Sans lendemain, Jake Hinkson

Ecrit par Jean-Jacques Bretou , le Jeudi, 15 Mars 2018. , dans Roman, Les Livres, Critiques, La Une Livres, USA, Gallmeister

Sans lendemain, février 2018, trad. De l’américain par Sophie Aslanides, 222 pages, 19,90 € . Ecrivain(s): Jake Hinkson Edition: Gallmeister

Á la fin des années 1940, à bord d’une station wagon Mercury bourrée de boites de films, Billie Dixon parcourt le Midwest. Elle (puisque Billie est une jeune femme, même si elle porte le pantalon) est chargée par la PRC, l’une des maisons de production de la Poverty Row, de la distribution de films série B, dans les villages les plus reculés. Un jour elle s’enfonce dans les Ozarks, à la limite du Midwest et de l’Arkansas et débarque à Stock’s Settlement.

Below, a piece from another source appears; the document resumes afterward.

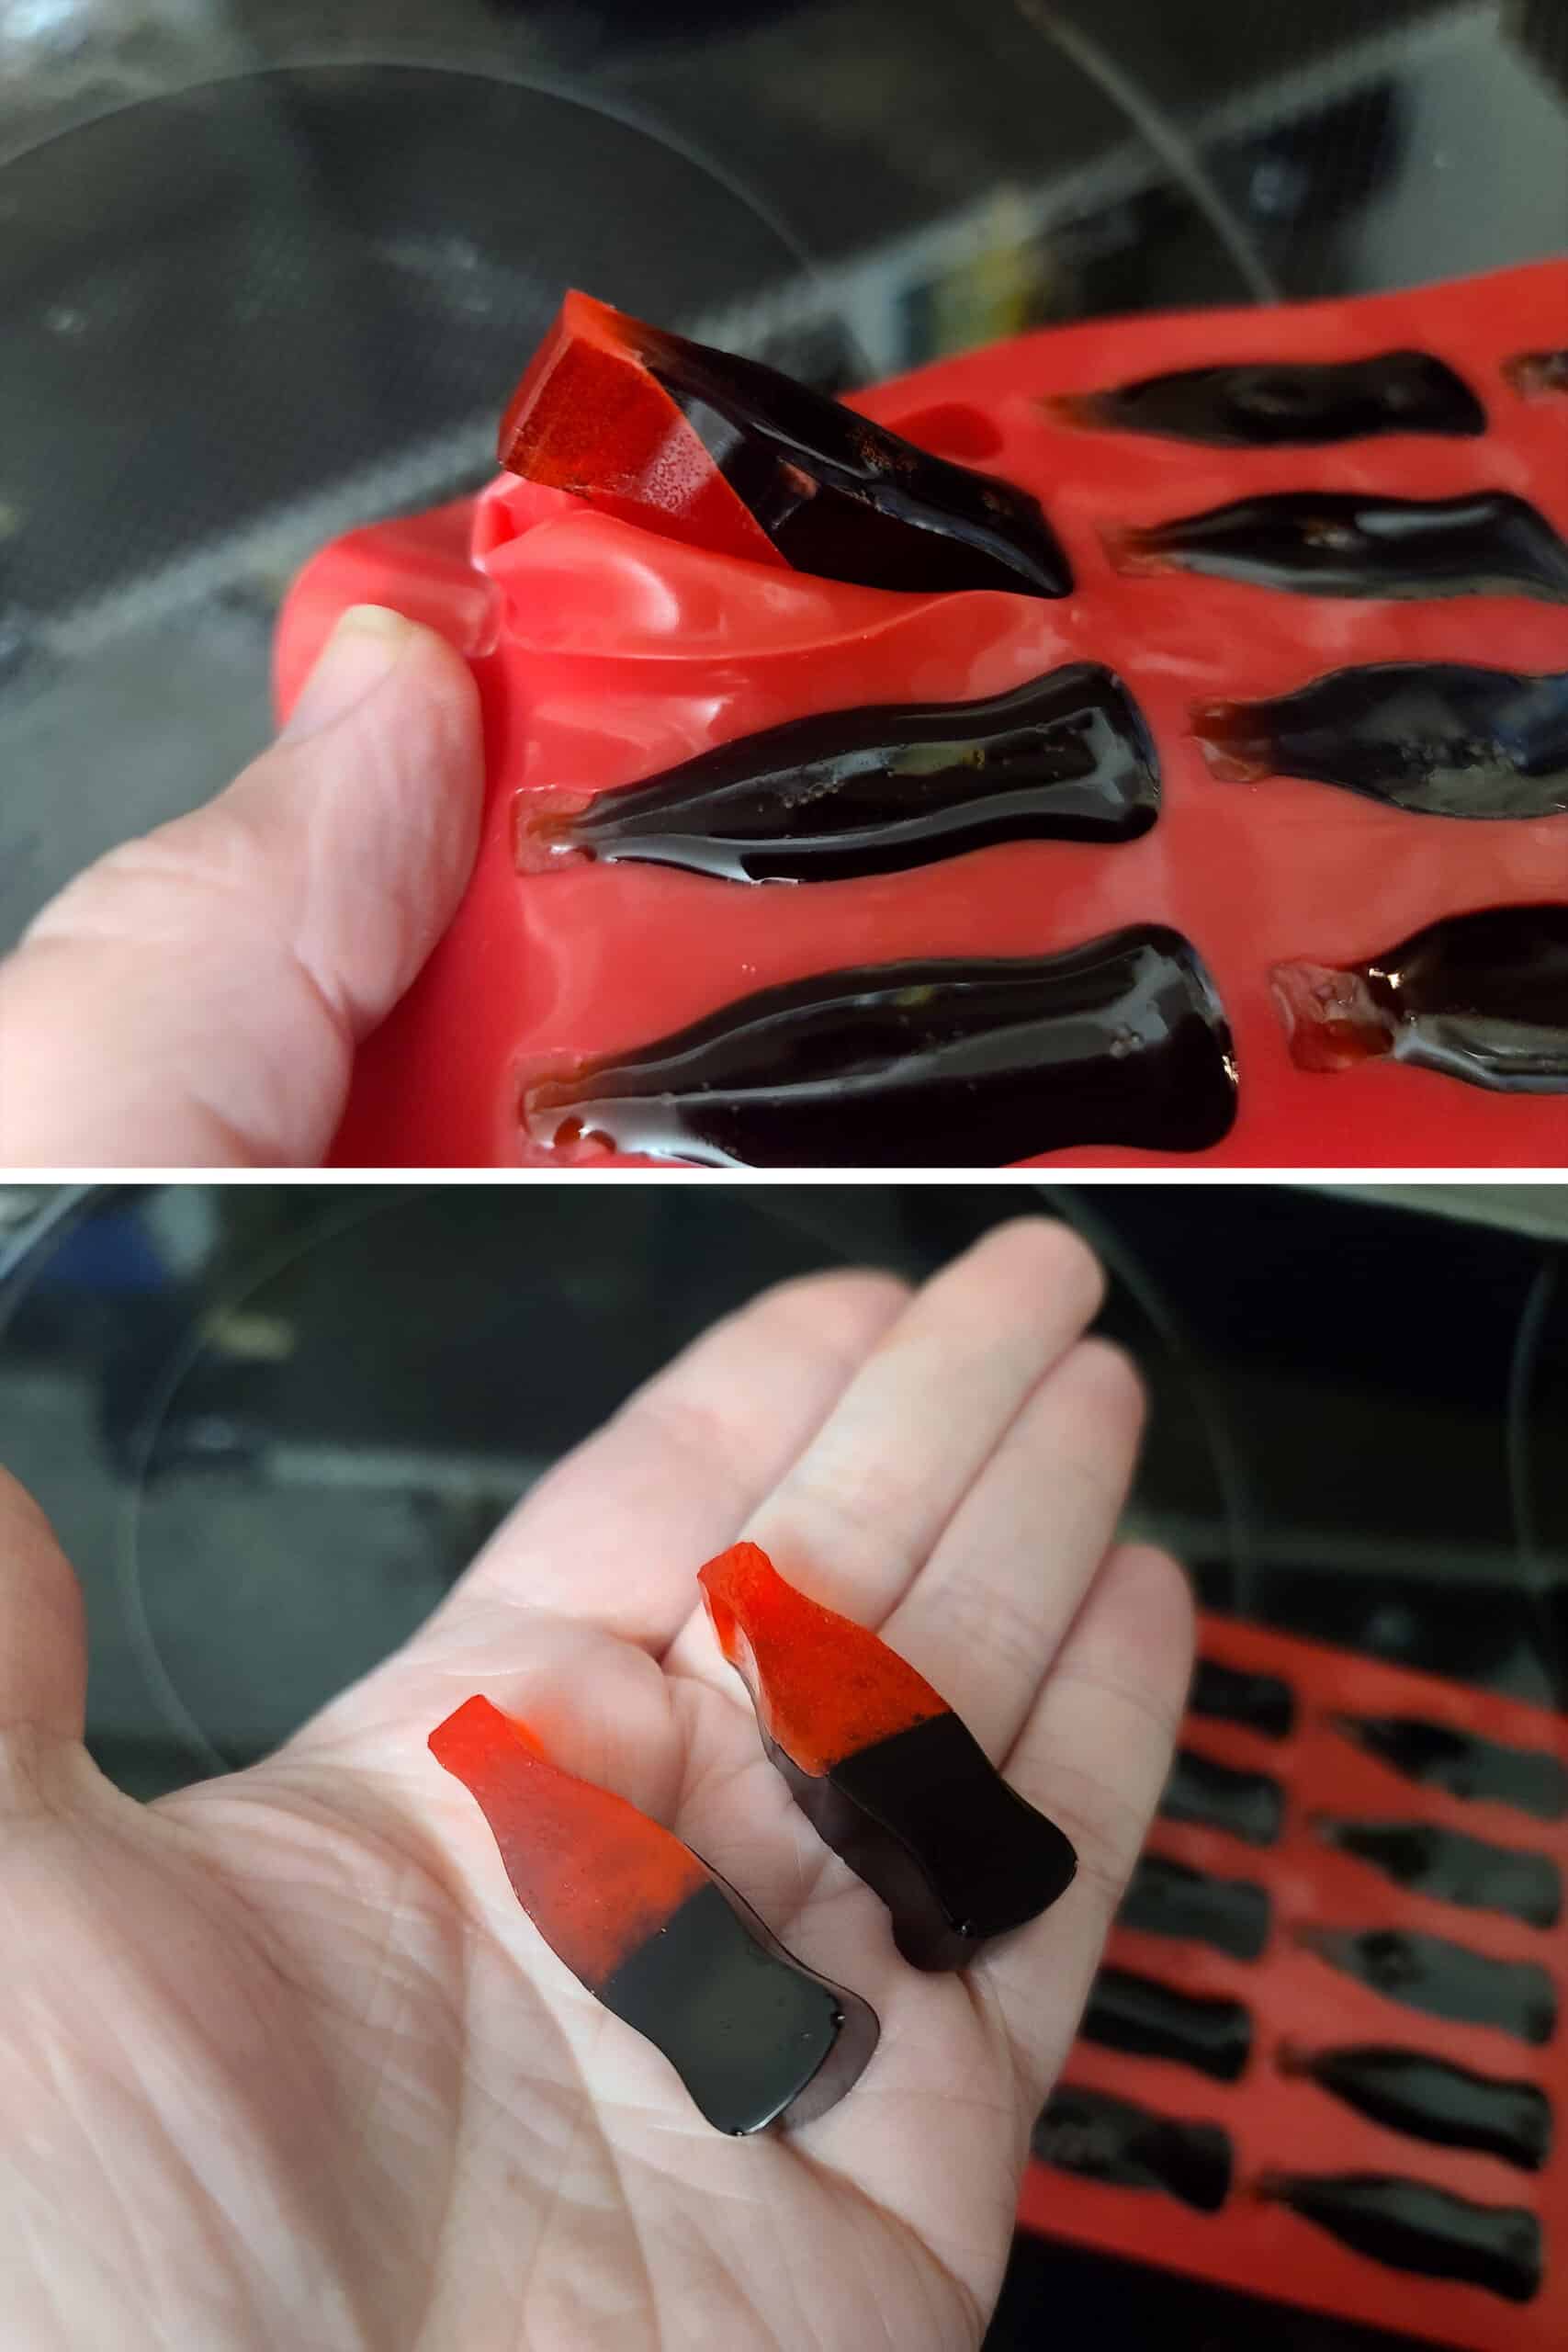 2 part image showing the finish gummies being popped out of the mold, and a hand holding 2 bicolor red and brown sugar free sour cherry cola bottle gummies.

Là, trône, avec sa façade Beaux Arts marron, le cinéma Eureka. Claude Jeter dit Claude, le propriétaire de la salle, serait prêt à projeter les films de Billie si le pasteur Obadiah Henshaw maître de l’Église baptiste du tabernacle rachetée par le sang ne veillait, ô combien, à la pureté des âmes de ses ouailles ! Sa vision fanatique de la religion et de ses pratiques s’oppose à tout ce qui se rattache à la perverse Hollywood ! Les arguments de Billie resteront lettres mortes face à l’intolérance de l’exalté frère Henshaw. Mais, notre démarcheuse, peut-être, plus sensible aux plaisirs de la chair que son interlocuteur a remarqué chez Amberly, l’épouse de l’ecclésiastique, que les liaisons gomorrhéennes (comme l’eût dit Proust) ne semblent pas effaroucher, des charmes qui font naître de douces pensées et de délicieux vertiges. C’est l’équation de départ de ce livre. Un beau thriller, dont l’éclatante noirceur nous mène insidieusement dans un style classique et précis sur les rives de l’inconscient où (le sait-elle ?) la pauvre Billie va échouer avant qu’on ne la conduise devant la justice des hommes, au tribunal.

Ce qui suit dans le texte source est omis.